A knot is a simple closed curve (homeomorphic image of S(1)) in Euclidean 3-space E(3). Two knots are called equivalent when there is an orientation-preserving homeomorphism of E(3) onto itself sending one knot to the other.
Schoenflies proved in 1908 that any homeomorphism from a simple closed curve in the plane E(2) onto the unit circle S(1) can be extended to a homeomorphism of the plane onto itself. Similar things do not hold in higher dimensions.
For example, there exist wild embeddings of simple arcs into E(3): homeomorphic images of the unit interval such that the complement is not simply connected. Thus, one usually restricts knots to be tamely embedded, e.g., as a simple closed polygonal curve, and we'll do so as well.
Two more examples of wild embeddings:
Example (Alexander's horned sphere) A homeomorphic image of the sphere S(2) in E(3) such that the complement of the image is not simply connected.

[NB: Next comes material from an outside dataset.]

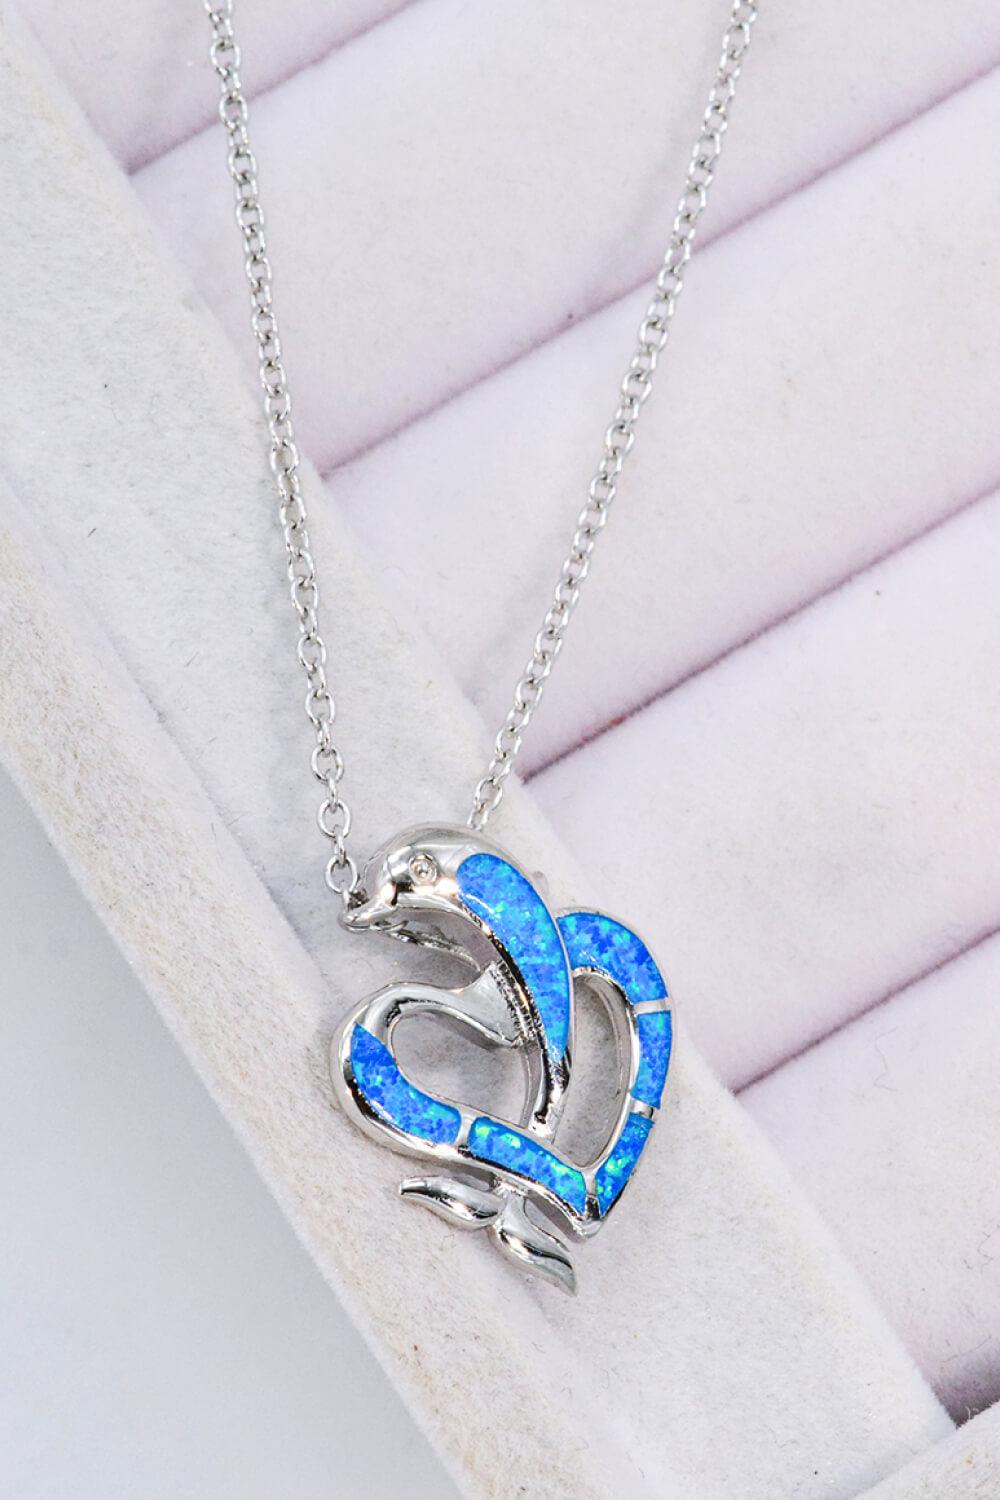 Opal Dolphin Heart Chain-Link Necklace - Flyclothing LLC

Example (Antoine's necklace) A homeomorphic image of the Cantor set (which is compact and totally disconnected) in E(3) such that the complement of the image is not simply connected.
(The pictures here were taken from Hocking & Young, Topology, pp. 176-177.)
Given a knot in E(3), we project it from a point in general position into E(2), so that the resulting curve never passes three times through the same point, and indicate for each crossing whether it is an over- or undercrossing. The resulting diagram suffices to retrieve the knot up to equivalence.
Now equivalence between knots can be translated into equivalence between diagrams. This was done by Reidemeister, who showed that two diagrams represent the same knot if and only if one is obtained from the other by a sequence of Reidemeister moves:
in each of the three types of move, we may replace the upper picture by the lower, or vice versa; type I also has a mirror image, type I'.